Well in light of this additional information, then it sounds as if you have been more than patient and I also agree that he did risk your life as well as your children's lives with his selfish behavior. Therefore, if you do not want to give him any more chances (-especially since you have given him plenty) and no longer want him to be your husband based upon his actions, then I completely understand why you would want a divorce. Only you can decide if you should get one. Honestly, if I was in your situation, I think (-best I can do since I'm not actually in your situation) I would have gotten a divorce after the 2nd affair. I don't tolerate cheating well at all so if I gave him a second chance (- assuming he went to counseling after the first affair is the only way he would get a second chance) and he did it again, he's out the door because I deserve the best and so do you.
Customer: replied 6 years ago.
I didn't learn of any affairs until after the third so I have not given him a second chance , unless you count the medical episode as a second chance. And I appreciate your help very much.
I completely understand, and also please don't take what I think I would do if I was in your situation for what you should do because only you can decide if you should get a divorce.
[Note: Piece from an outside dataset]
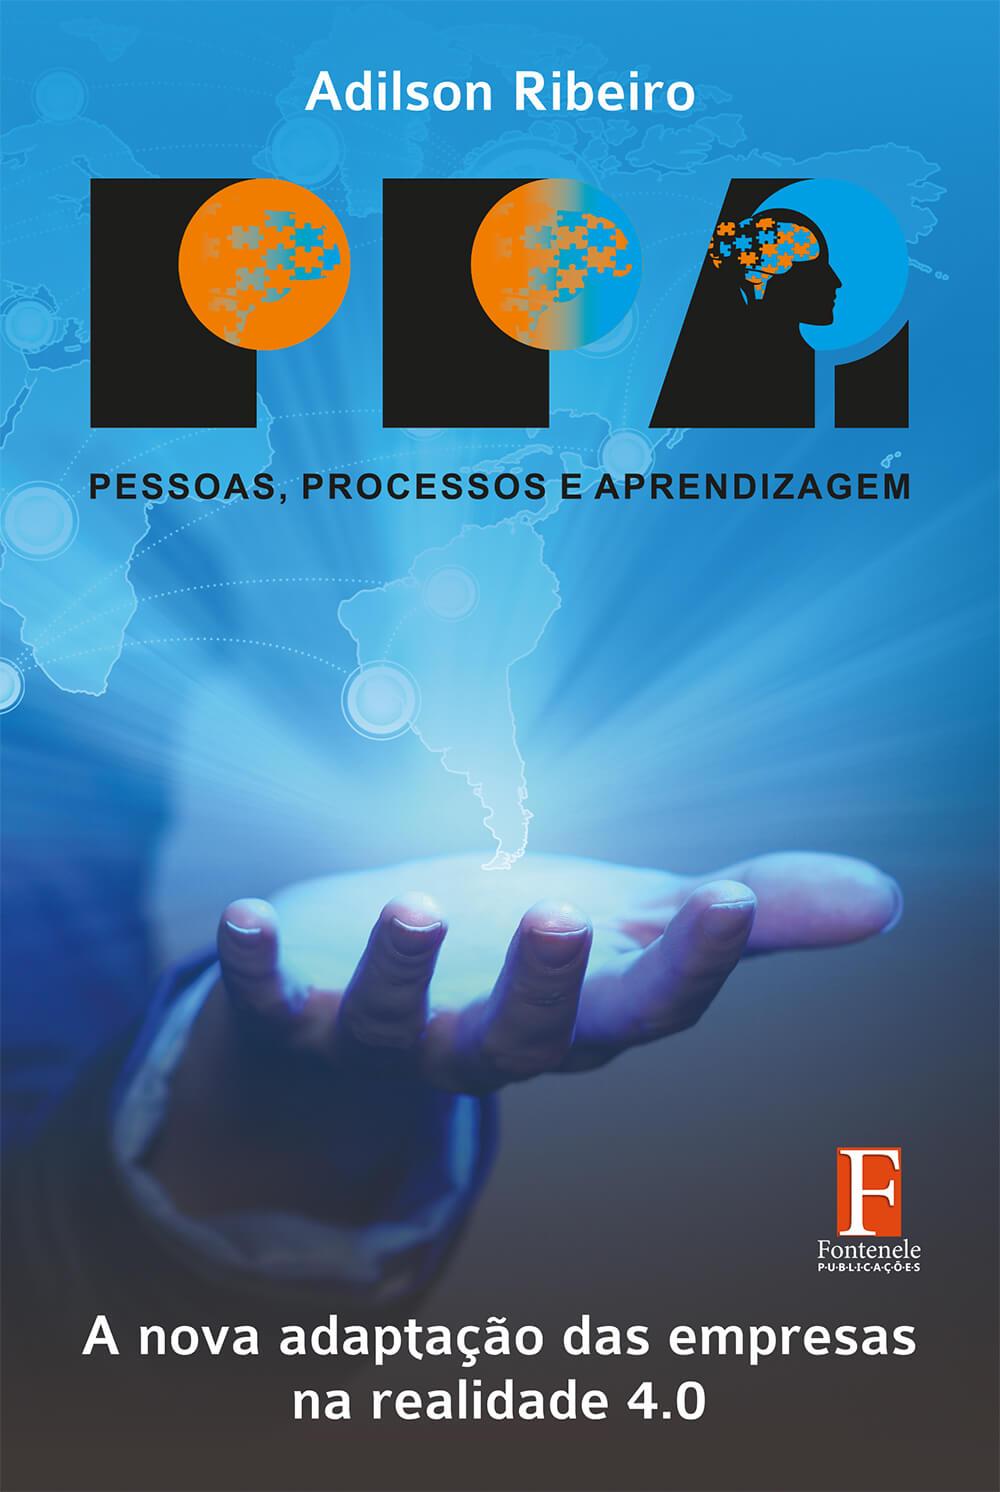 Fontenele Publicações / 11 95150-3481 / 11  95150-4383 Pessoas, Processos e Aprendizagem

Also, consider whether or not you still love him and if you are in love with him as you make your final decision. If you decide not to get a divorce at the moment, please be sure to have him do what you want him to do (-such as the previous suggestions I made in my first answer if that's what you want him to do) as a condition of not getting a divorce. At this point, he really needs to prove himself to you if he wants to remain married by earning your trust and respect and treating you with the love you deserve.